Typically there are three approaches to dealing with Histophilus somni in a herd of cattle; mass antibiotic treatment, H. somni vaccination or vaccination for other pathogens that are known to be a part of the BRD. These are not treatment per se, more methods of control or metaphylactic treatment, as we are treating many animals before there is an actual diagnosis. The goal is to reduce the onset of BRD or other clinical presentations of H. somni infections.

Like other bacterial infections, antibiotic susceptibility assays should be performed and it has been reported that Hisotphilus somni is usually susceptible to ceftiofur, penicillin, enrofloxacin, florfenicol, and tetracycline. This is troublesome because we know that it is difficult to diagnose before a post mortem is completed and there is no point in treating a deceased animal. Therefore, producers often treat metaphylactically, or on suspicion of infection. Tilmicosin can be added to the feed and has been shown to reduce the levels of H. somni in herds. It should only be added to the feed for 14 days, should be used sparingly as resistance is likely to occur otherwise, producers should be aware of withdrawal times. Problems with antibiotic treatment is emerging resistance to tetracyclines, enrofloxacin, and florfenicol. Biofilms that are formed by H. somni function to protect the bacteria from host immune defenses, they also provide a barrier that impedes antibiotic function. A new line of research is treating susceptible populations with bacterial isolates from subclinical carriers of Histophilus somni to act like a probiotic bacteria for the respiratory tract. A nasal inoculation of a nonpathogenic strain of H. somni could allow for the respiratory tract mucosa to be colonized with the commensal bacteria.

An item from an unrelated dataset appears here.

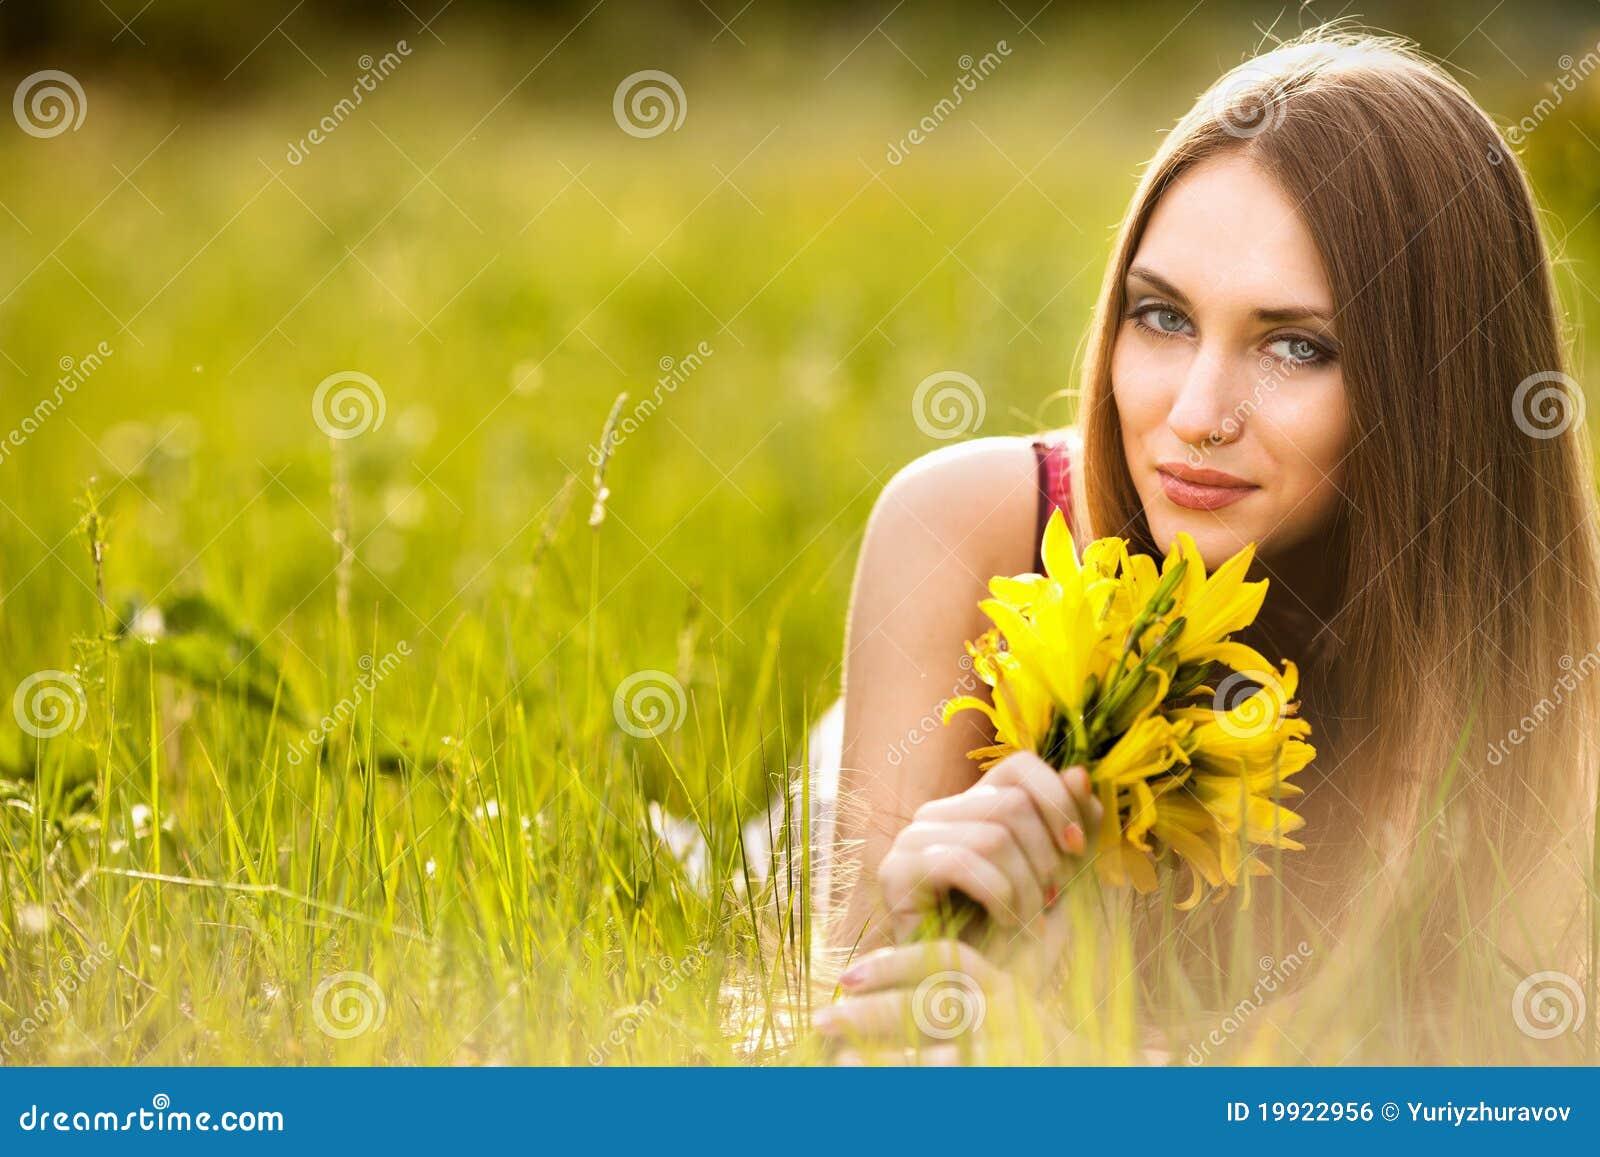 Спокойные деревенские женщины 13 фотография

There are many licensed vaccines against H. somni, however licensed does not mean effective. There is a push to develop new vaccines that are multi-pathogenic and DIVA compatible. H. somni vaccines are usually killed cells or specific outer membrane proteins but have not been proven to be effective at protecting cattle against disease. There are many constraints to vaccine use on top of ineffectiveness, including the timeliness of administration, adverse reactions from individuals in the herd, and research into the epidemiology of the disease. In order to treat this infection, one must know which organ system it is affecting and some systems, such as the neurological presentation does not allow for timely treatment because by the time the disease is detected, it is too late for treatment.